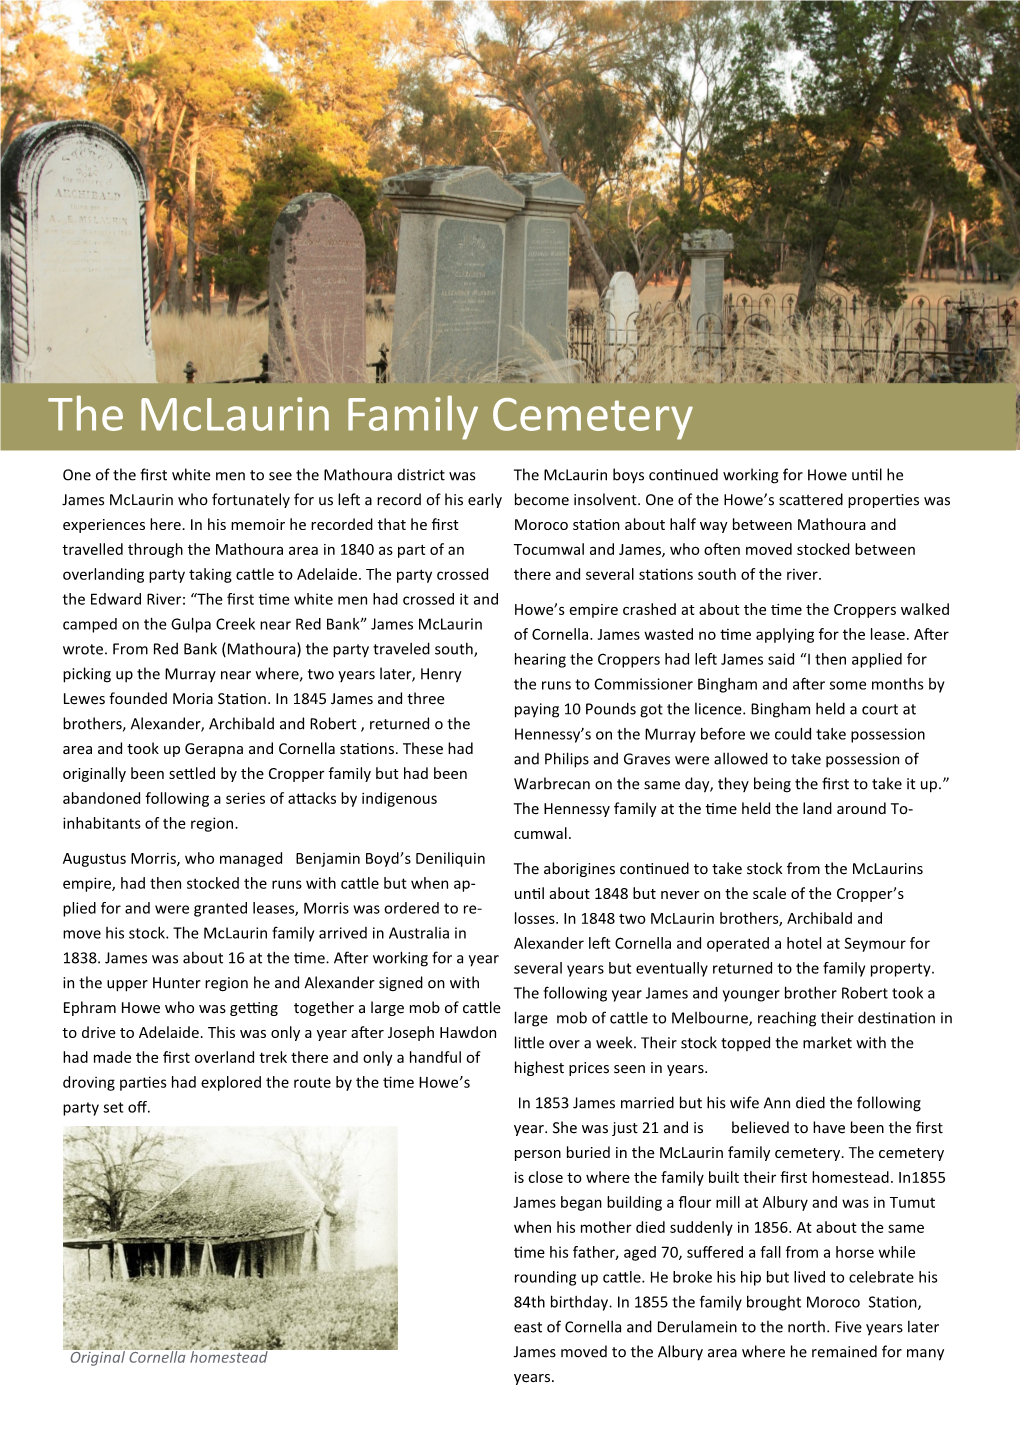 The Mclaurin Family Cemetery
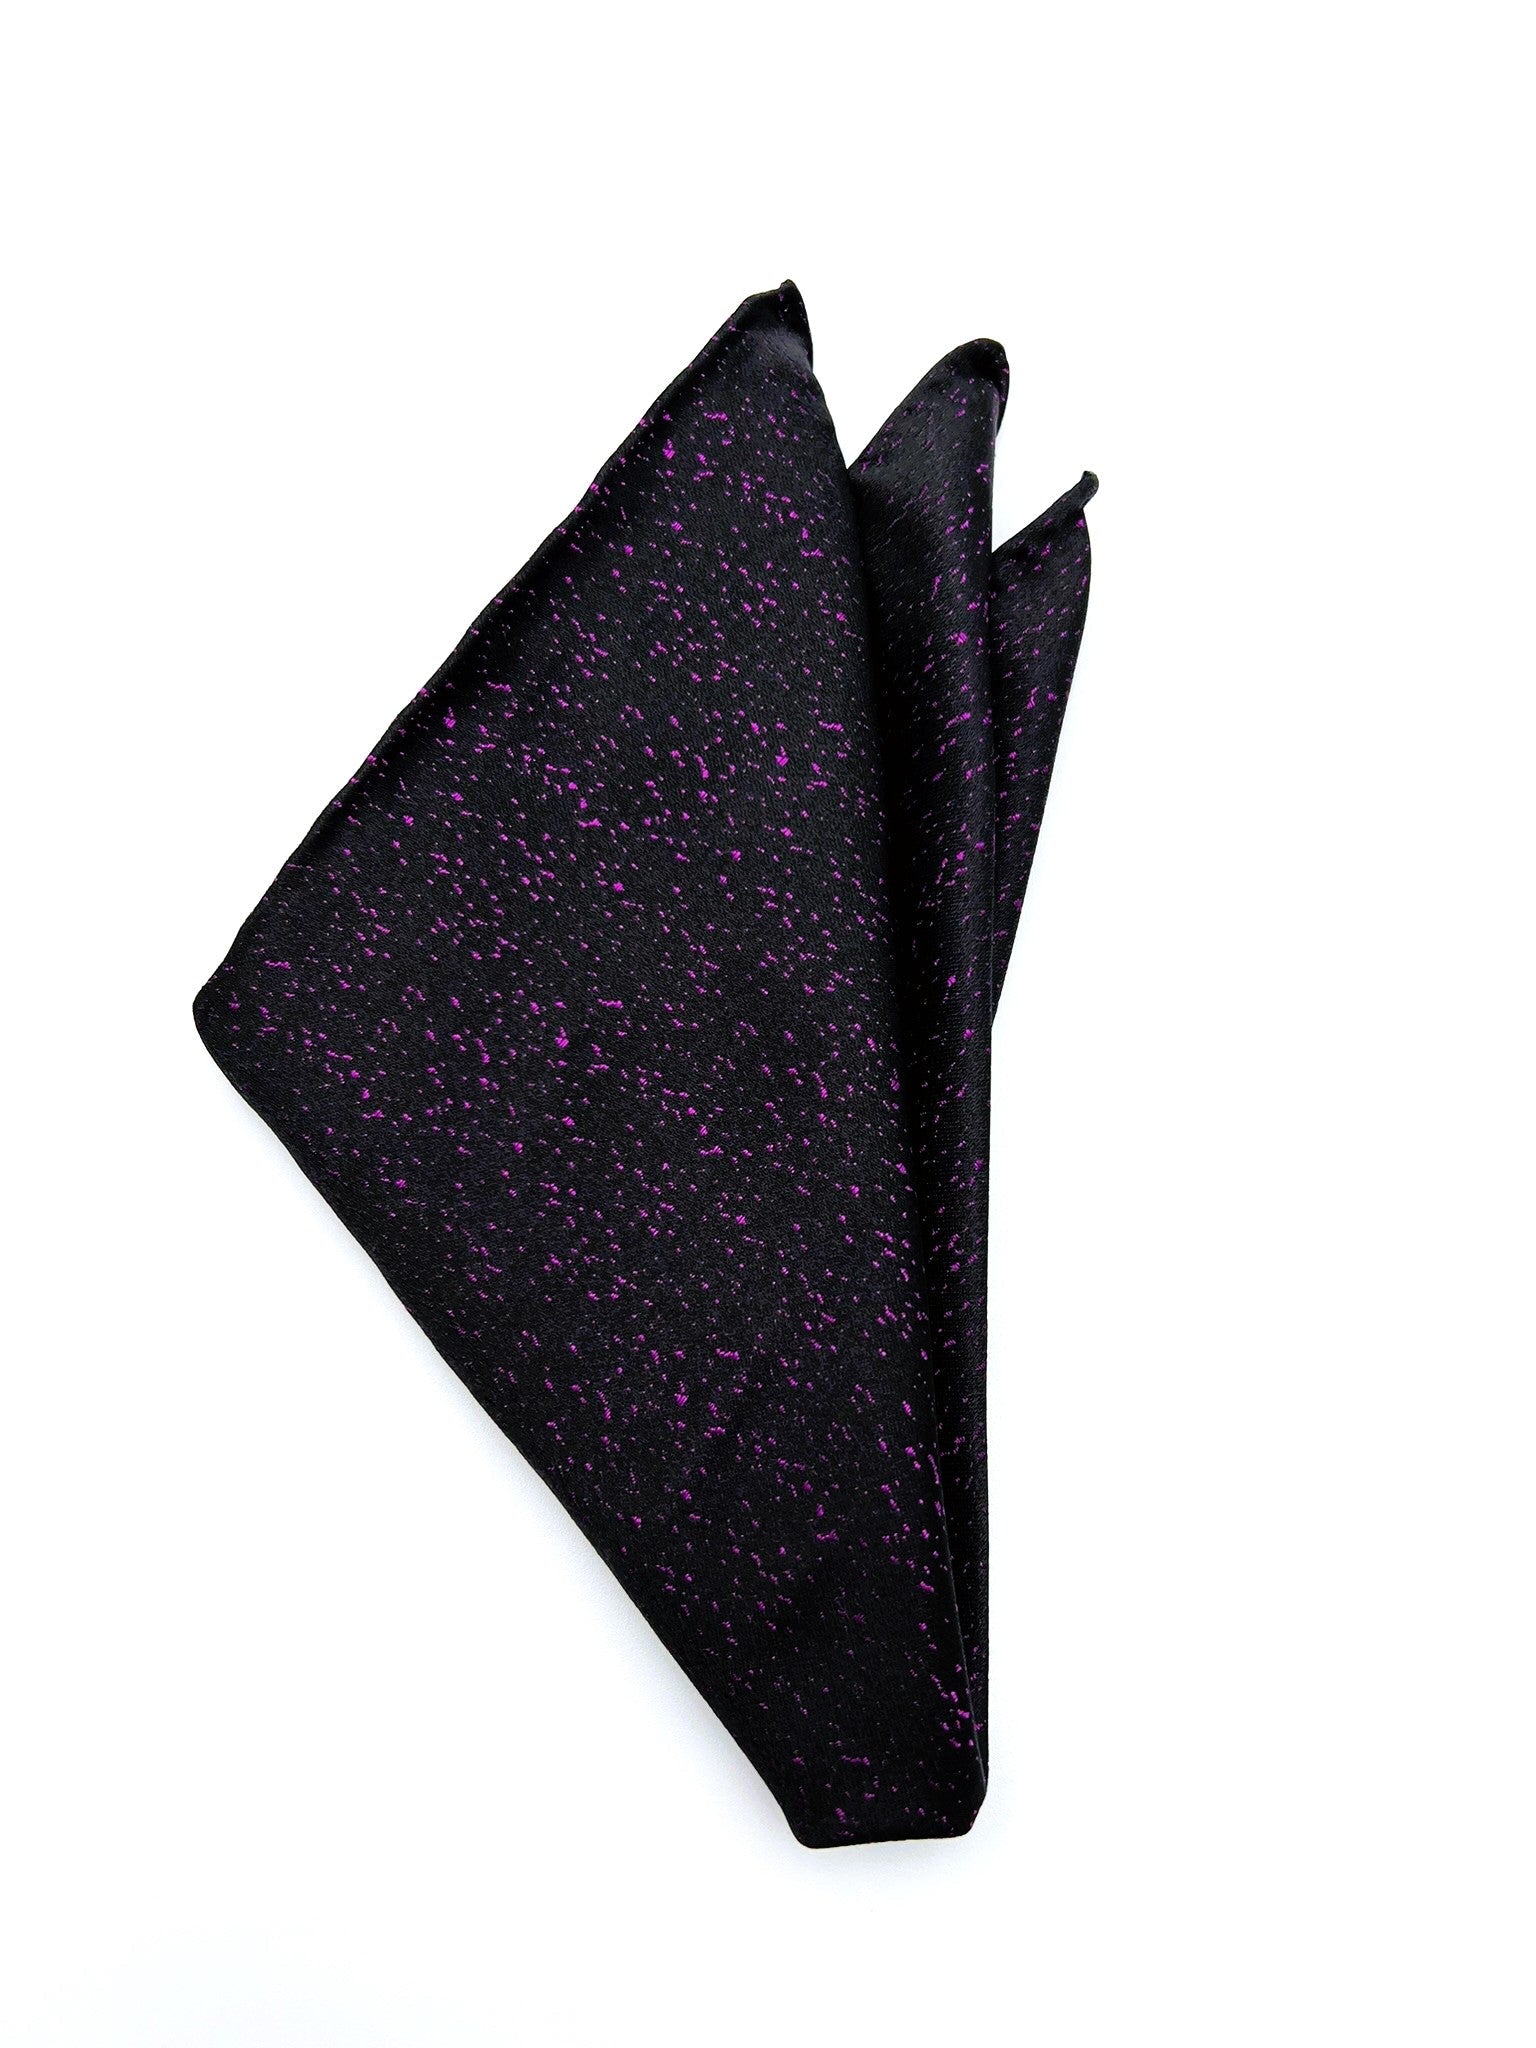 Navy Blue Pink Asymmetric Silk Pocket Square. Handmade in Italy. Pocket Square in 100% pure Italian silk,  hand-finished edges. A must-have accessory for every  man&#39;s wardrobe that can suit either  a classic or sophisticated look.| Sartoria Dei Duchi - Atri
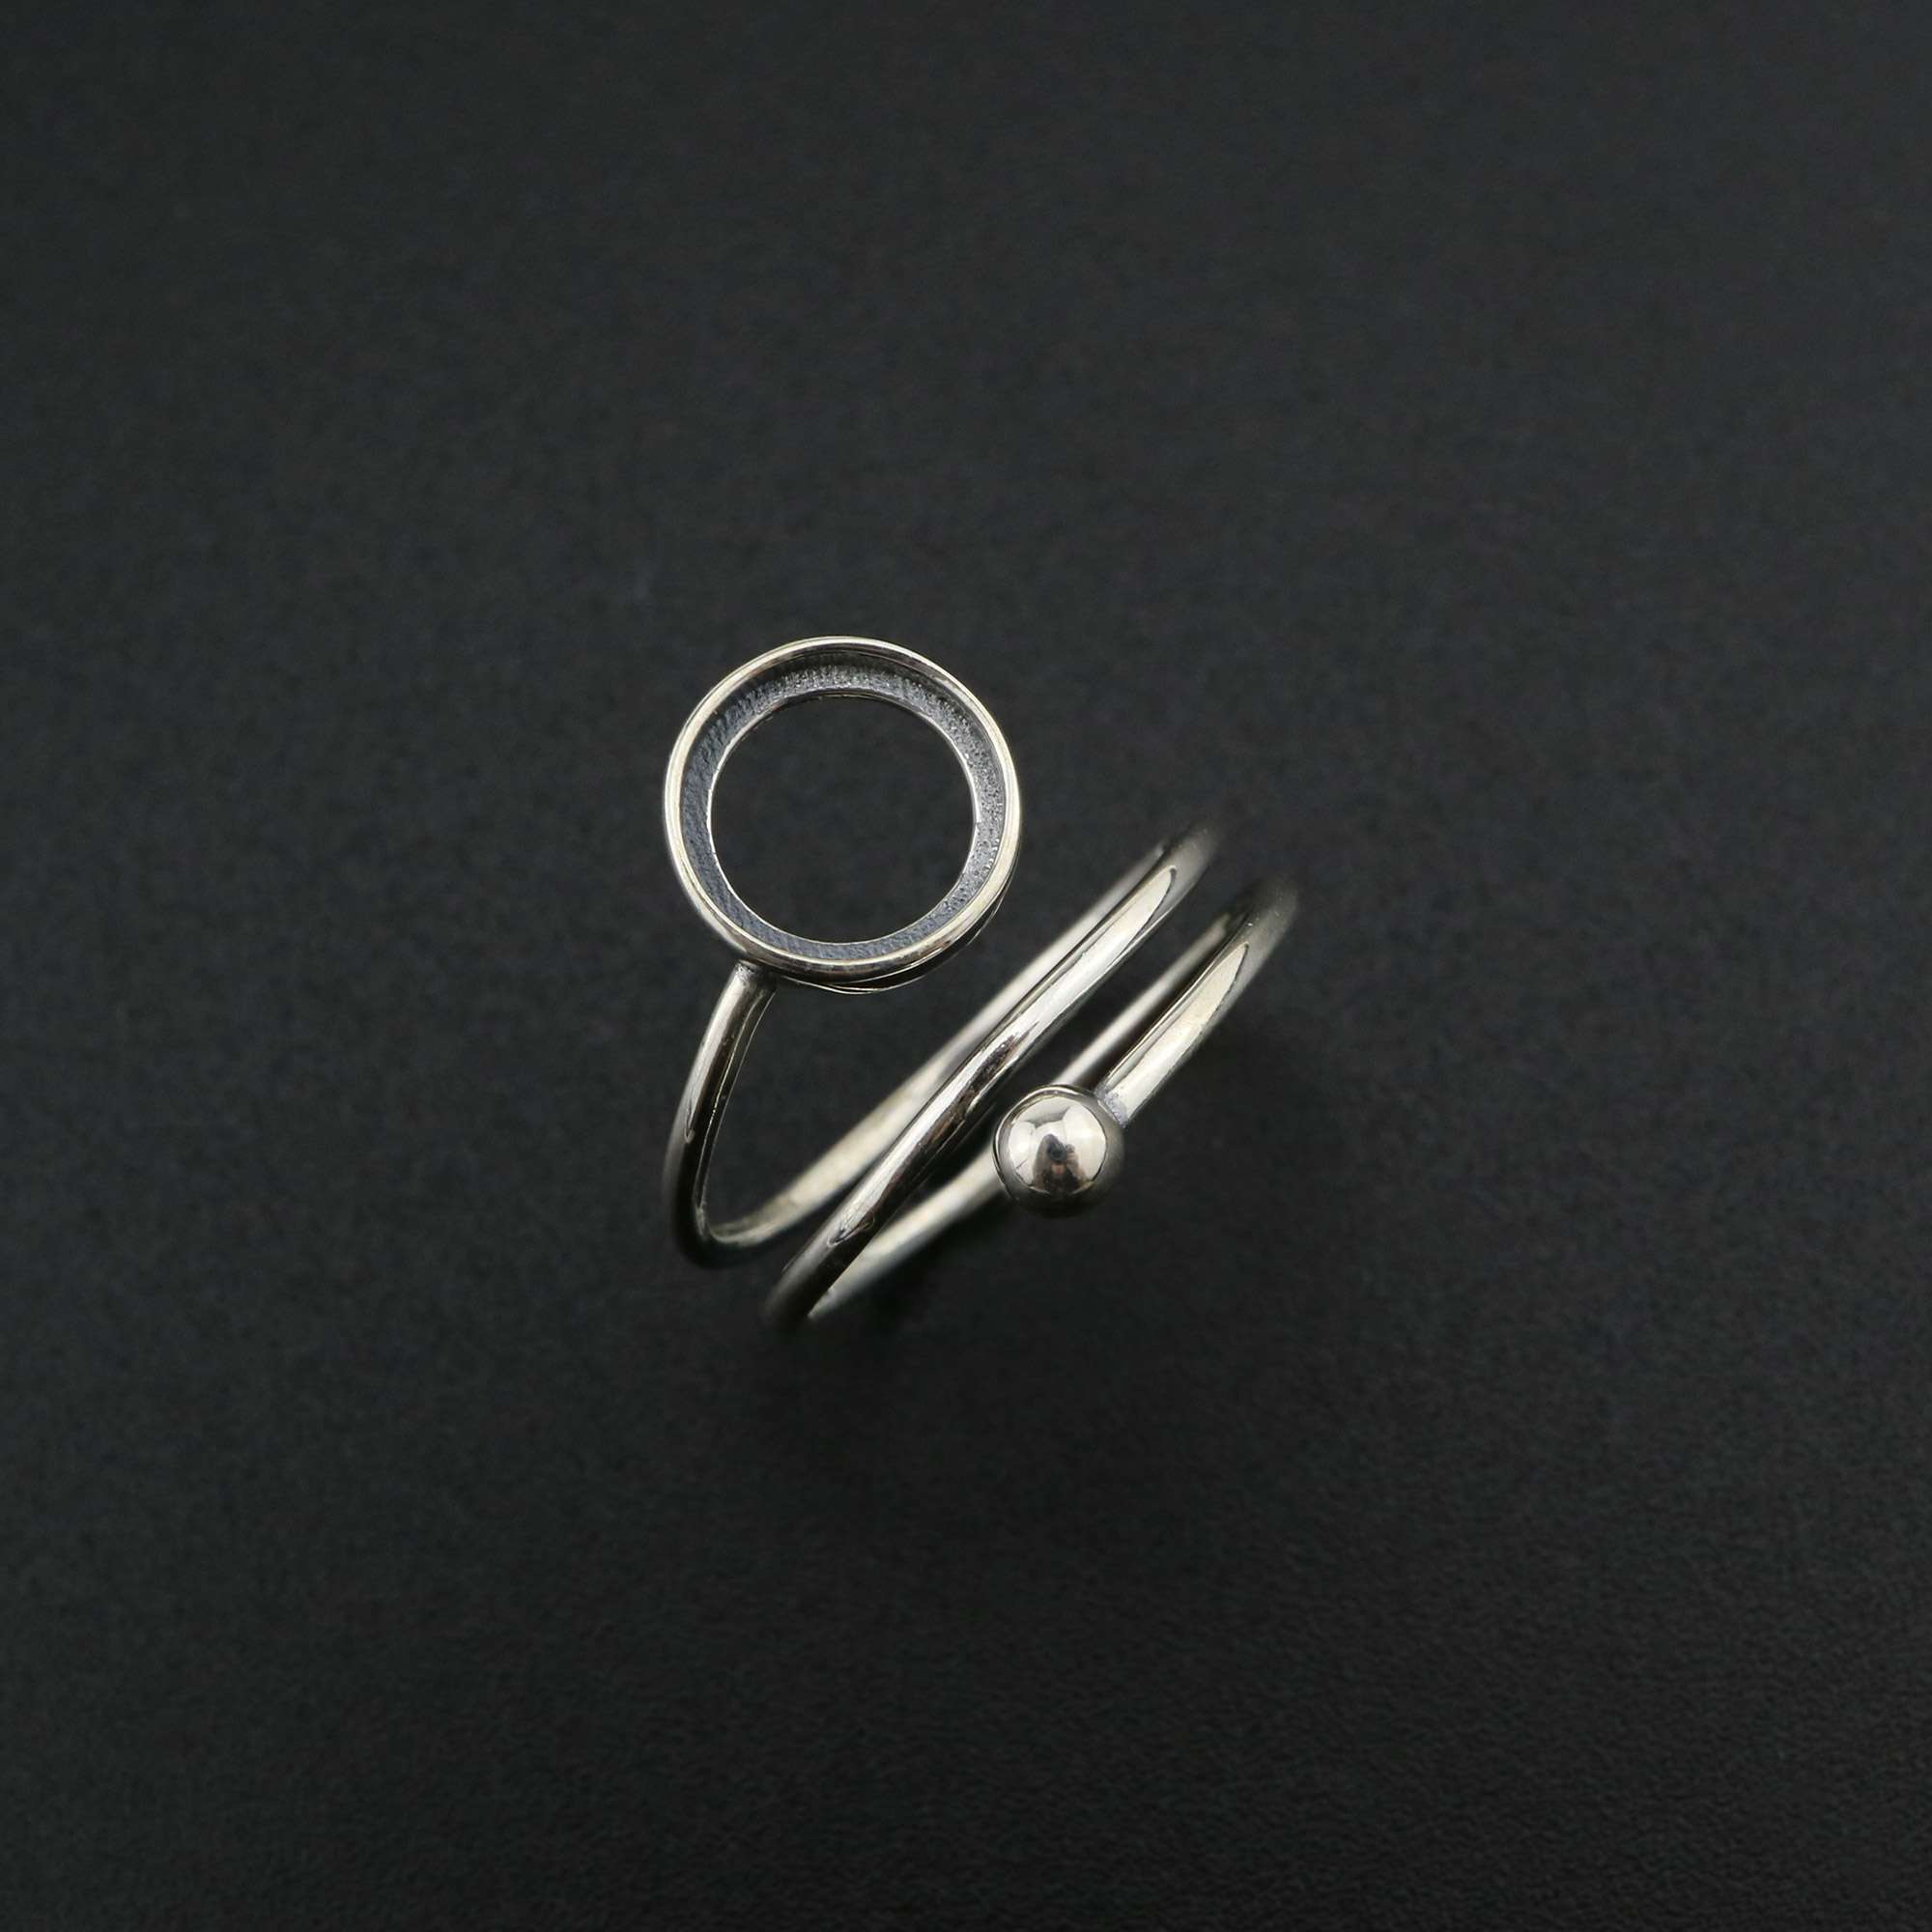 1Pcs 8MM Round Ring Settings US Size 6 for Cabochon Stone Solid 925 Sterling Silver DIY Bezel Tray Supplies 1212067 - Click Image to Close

● ● ●

_Work request_
Reproduce the material word for word, minus the images.

_Response to the exercise_
 The Mclaurin Family Cemetery
 Navy Blue Pink Asymmetric Silk Pocket Square. Handmade in Italy. Pocket Square in 100% pure Italian silk,  hand-finished edges. A must-have accessory for every  man&#39;s wardrobe that can suit either  a classic or sophisticated look.| Sartoria Dei Duchi - Atri
 1Pcs 8MM Round Ring Settings US Size 6 for Cabochon Stone Solid 925 Sterling Silver DIY Bezel Tray Supplies 1212067 - Click Image to Close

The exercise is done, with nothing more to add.